**DATA EXCERPT:**
[Start of section]

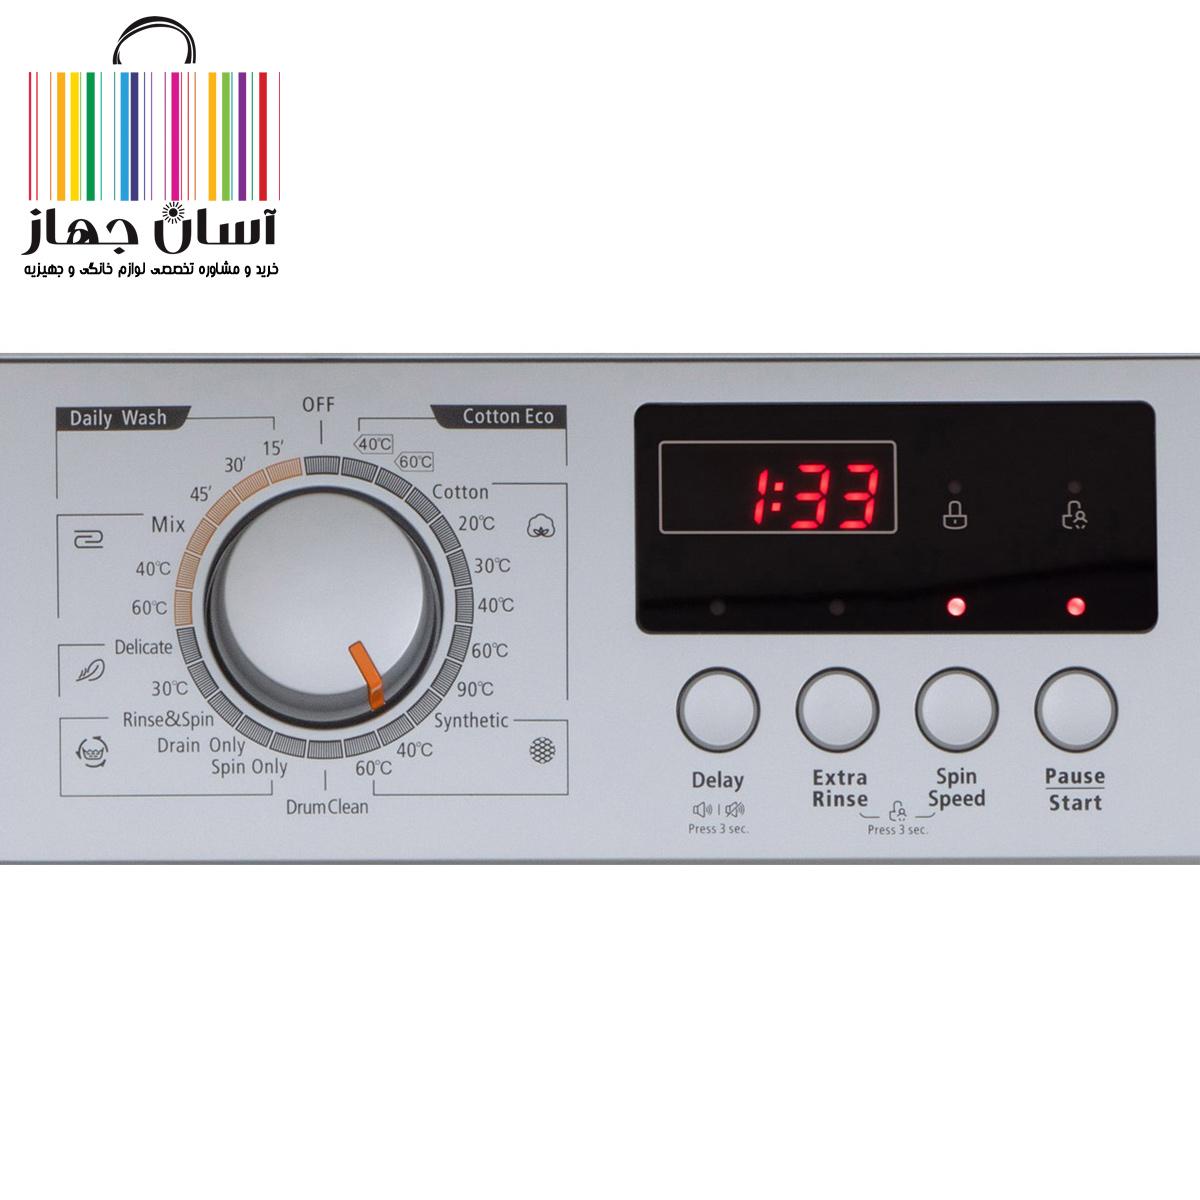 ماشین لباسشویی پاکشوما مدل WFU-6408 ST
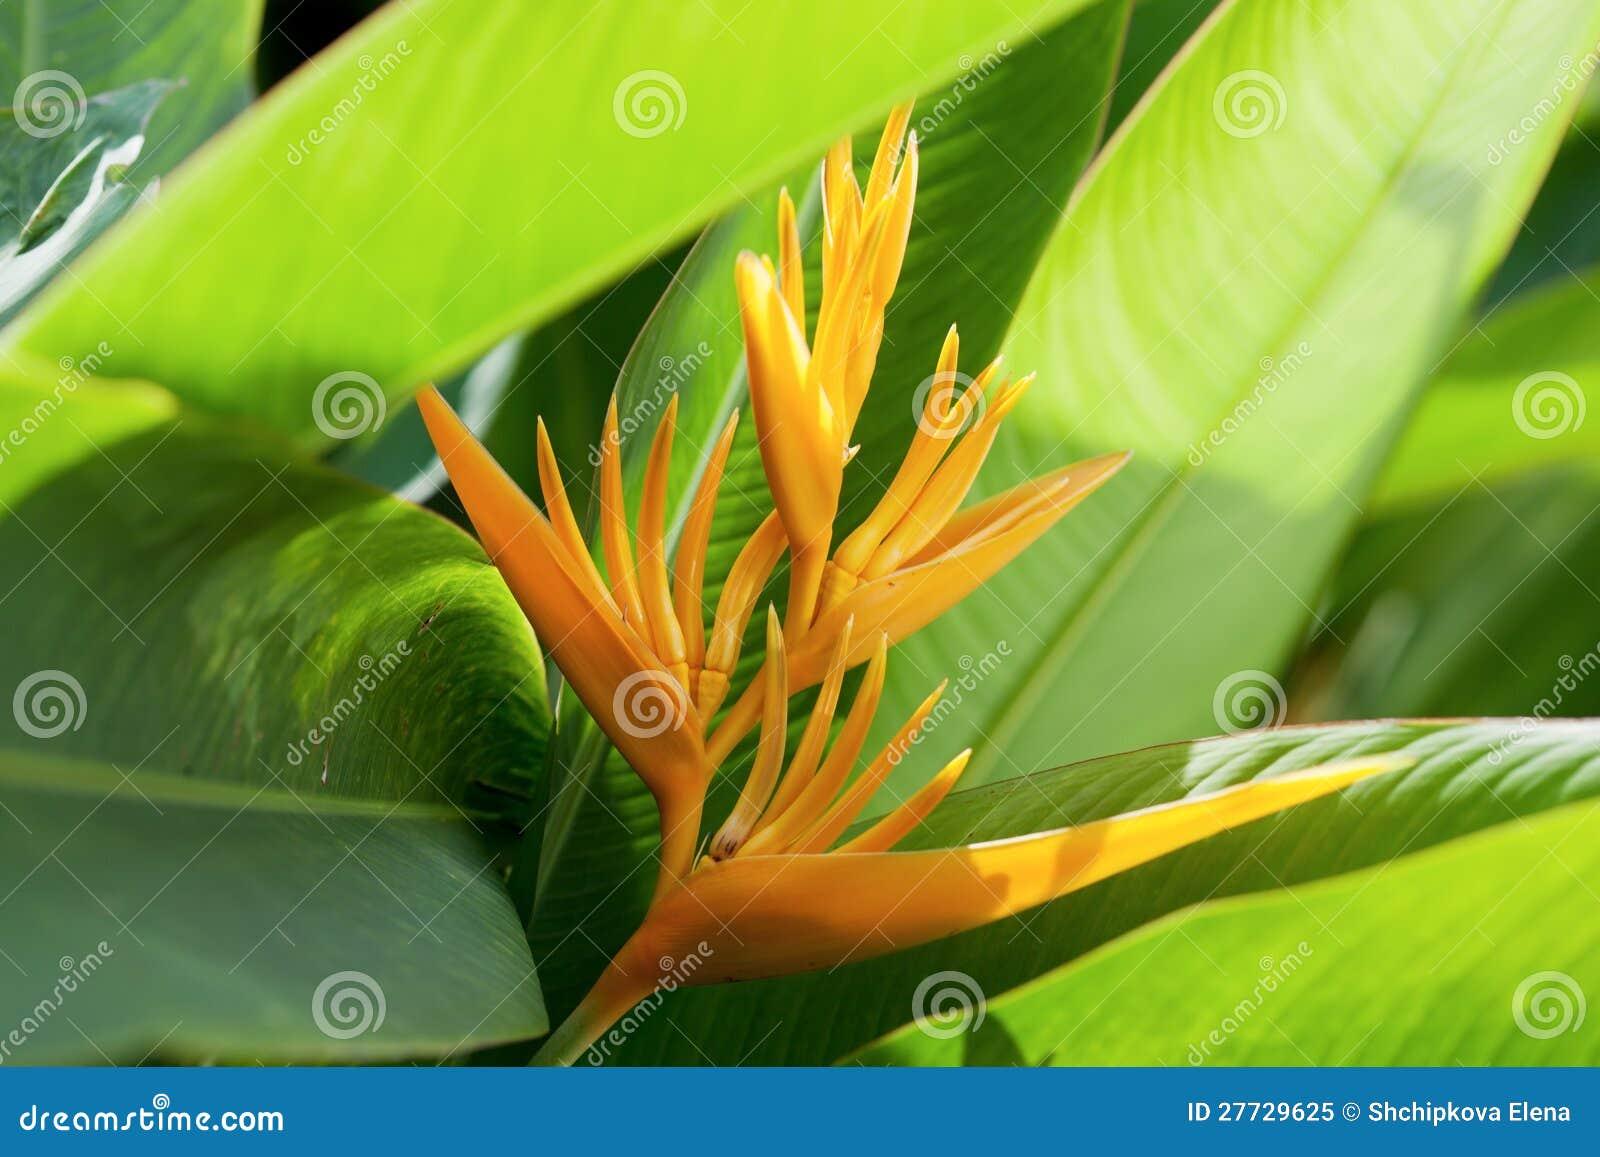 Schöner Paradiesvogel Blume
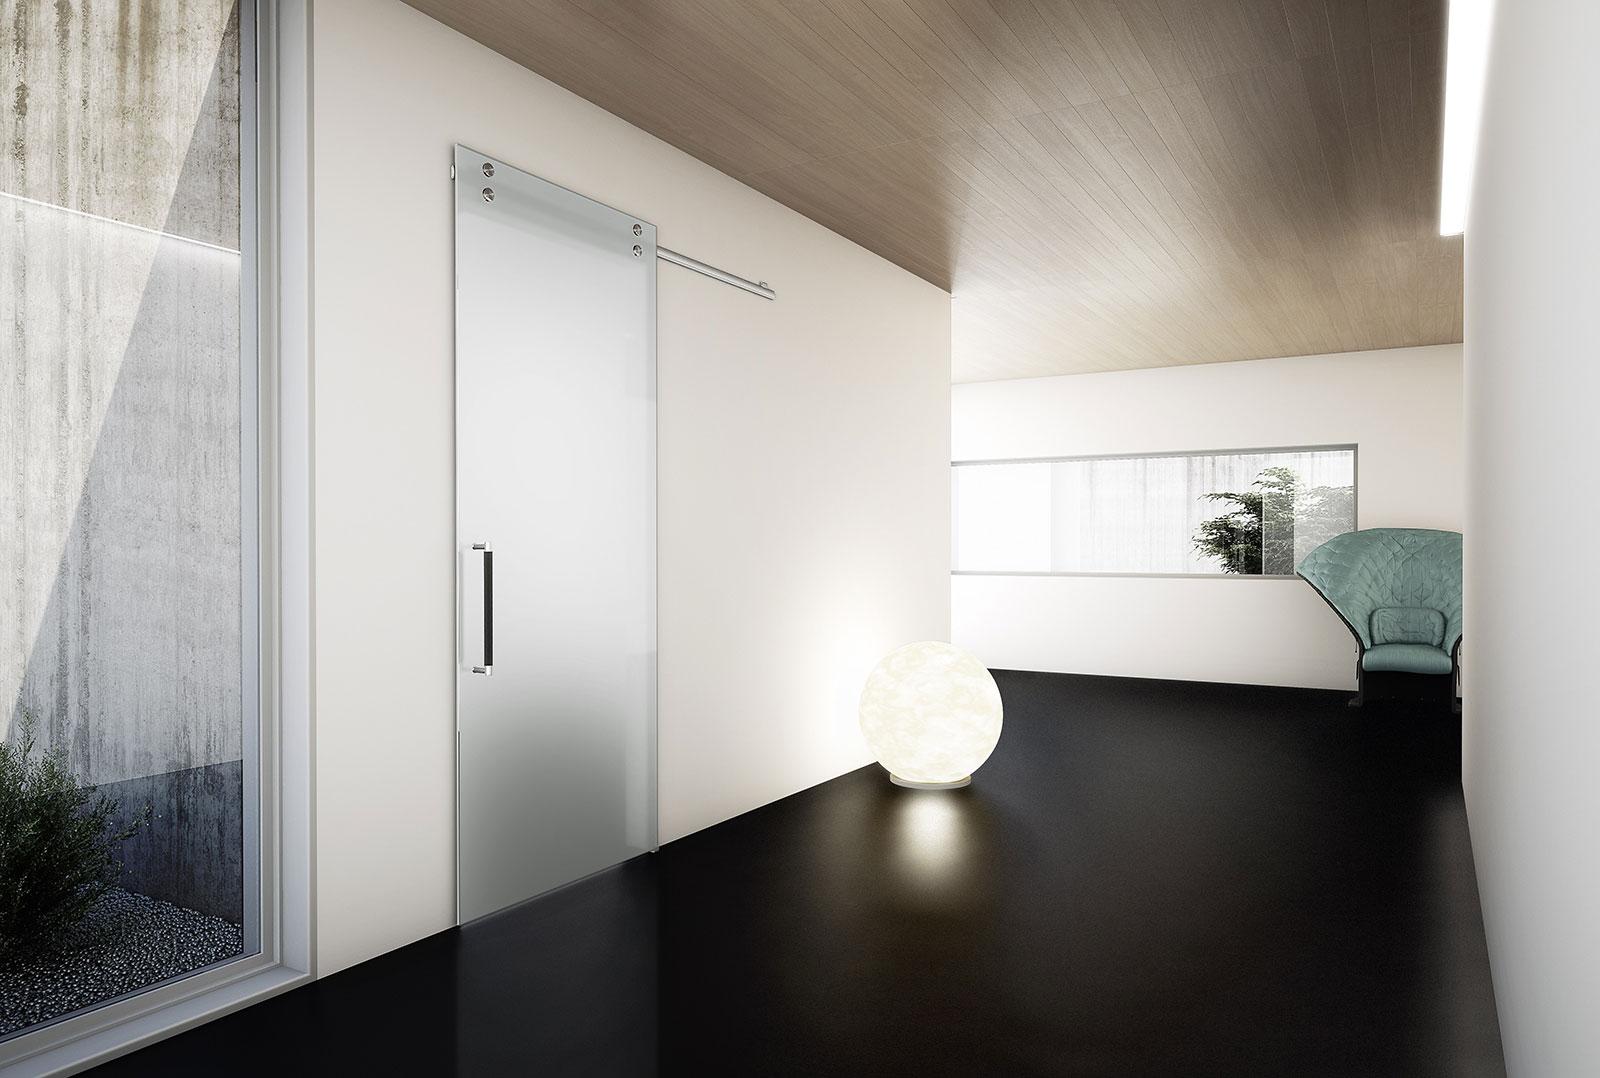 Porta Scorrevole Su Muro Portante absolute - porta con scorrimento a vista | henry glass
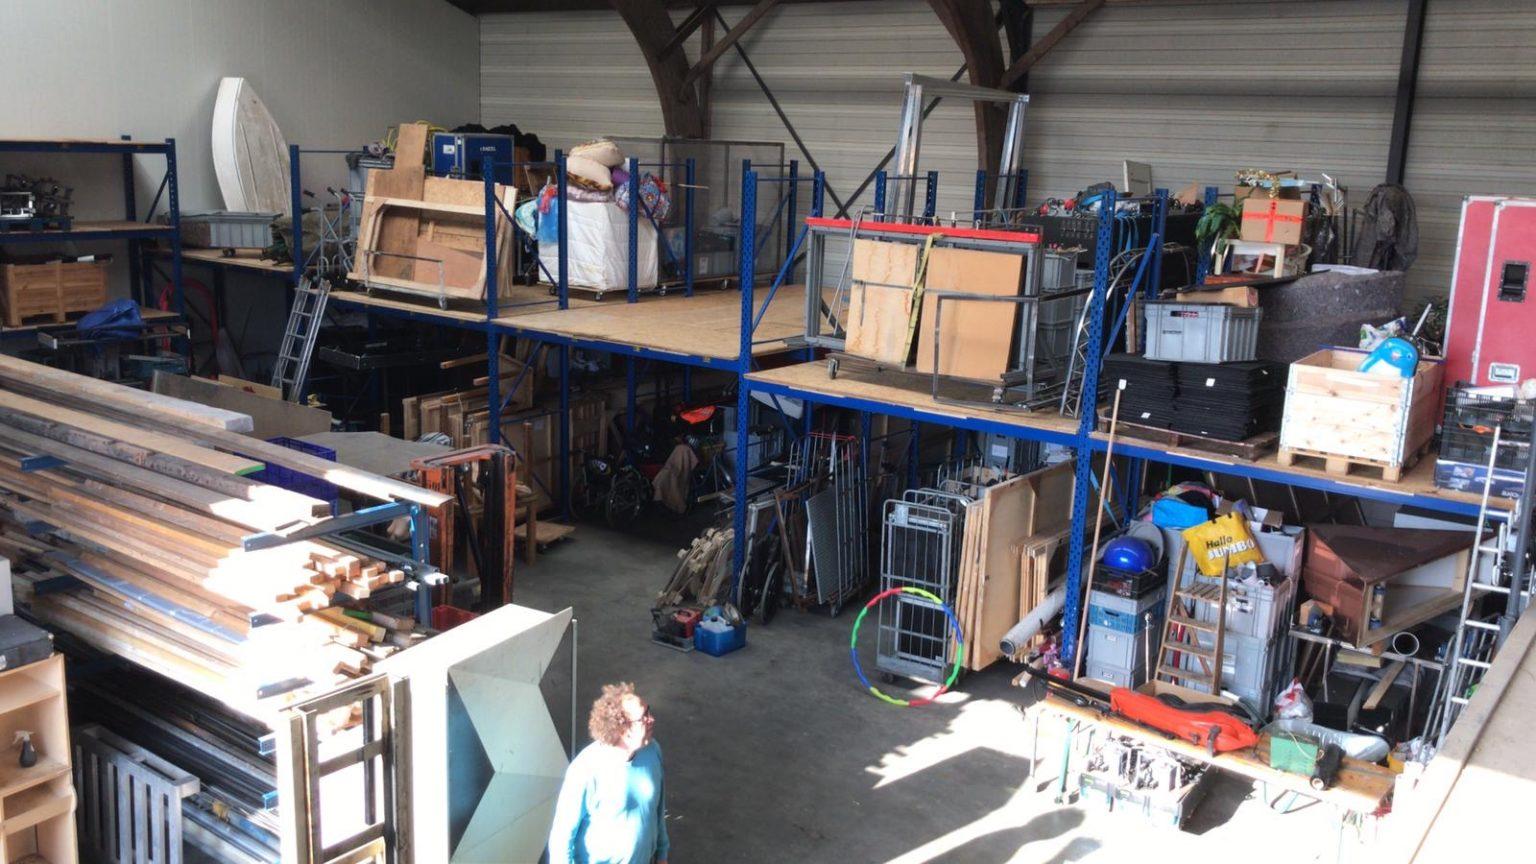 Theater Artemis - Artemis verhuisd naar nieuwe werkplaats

[End of section]

**ABOUT THIS EXERCISE:**
Reproduce the lines above letter for letter. The pictures stay behind.

**EXERCISE RESULT:**
 ماشین لباسشویی پاکشوما مدل WFU-6408 ST
 Schöner Paradiesvogel Blume
 Porta Scorrevole Su Muro Portante absolute - porta con scorrimento a vista | henry glass
 Theater Artemis - Artemis verhuisd naar nieuwe werkplaats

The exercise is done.